About Metadata Cleaning

There are some limitations to the metadata in Data.gov that required our team to make a series of subjective decisions:

  1. Not everything in Data.gov points to an actual dataset. Often, records can point to other portals or clearinghouses of data that are not represented within Data.gov. We ultimately decided to omit these records from our data rescue effort, even if they point to a webpage, API, or geoservice that does contain some kind of data.
  2. The approach to establishing order on Data.gov is inconsistent. Most crucially for us, there is not a one-to-one correlation between a record and an individual layer of geospatial data. This happens frequently on federal sites. For instance, the record for the U.S. Forest Service Aerial Fire Retardant Hydrographic Avoidance Areas: Aquatic actually contains eight distinct shapefile layers that correspond to the different regions of coverage. NYU’s collection practice dictates that each of these layers be represented by a distinct record, but in the Data.gov catalog, they are condensed into a single record. 
  3. Not all data providers publish records for data on Data.gov consistently. Many agencies point to some element of their data that exists, but when you leave the Data.gov catalog environment and go to the source URL listed in the resources section of the record, you’ll find even more data. We had to make decisions about whether or not (and how) we would include this kind of data.
  4. It’s very common that single Data.gov metadata records remain intact, but the data that they represent changes. The Forest Service is a good example of this, as files are frequently refreshed and maintained within the USDA Forestry geodata clearinghouse. We did not make any effort in either of these cases to track down other sets of data that the Data.gov metadata records gesture toward (at least not at this time).

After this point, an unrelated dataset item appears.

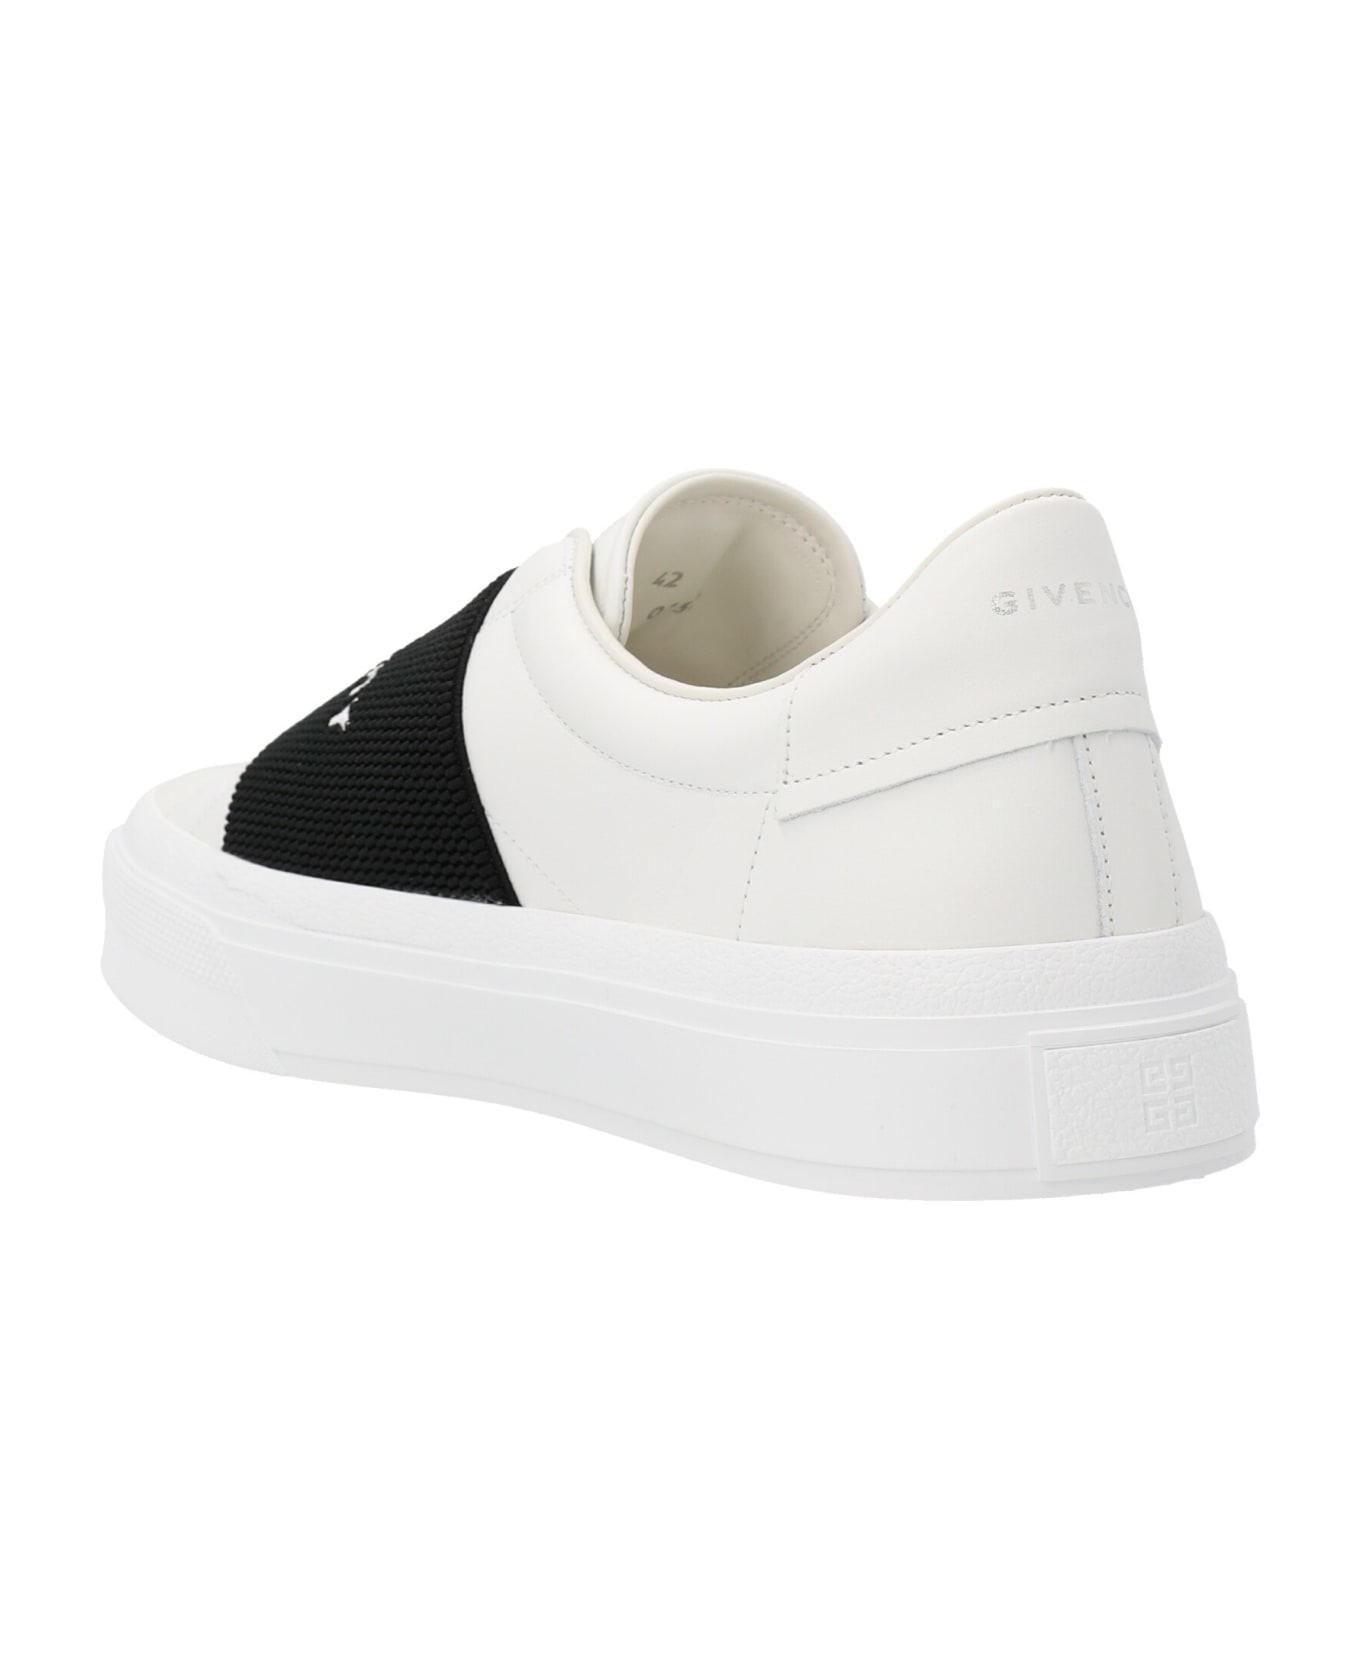 Givenchy 'city Sport' Sneakers - White/Black

Relatedly, we did not make attempts to provide original records for different formats of what appeared to be the same data. In the case of the Forest Service, many of the records contained both a shapefile and a geodatabase, as well as other original metadata files. Our general approach was to save the shapefile and publish it in our collection environment, then bundle up all other "data objects" associated with a discrete Data.gov record and include them in the preservation environment of our Spatial Data Repository.

Finally, we realized that the quality of the metadata itself varies widely. We found that it’s a good starting place to creating metadata for discovery, even if we agree that a Data.gov record is an arbitrary way to describe a single piece of data. However, we had to clean the Data.gov records to adhere to the GeoBlacklight standard and our own internal cataloging practices. Some of the revisions to the metadata are small and reflect choices that we make at NYU (these are highlighted in red). For instance, the titles were changed to reflect a date-title-area convention that we already use. Other fields (like Publisher) are authority controlled and were easy to change, while others, like format and provenance, were easy to add. For those unfamiliar with the GeoBlacklight standard, refer to the project schema pages and related documentation. Many of the metadata enhancements are system requirements for items to be discovered within our Spatial Data Repository. Subjects presented more of a problem, as these are drawn from an informal tagging system on Data.gov. We used an elaborate process of finding and replacing to remediate these subjects into the LCSH Authority, which connects the items we collect into our larger library discovery environment.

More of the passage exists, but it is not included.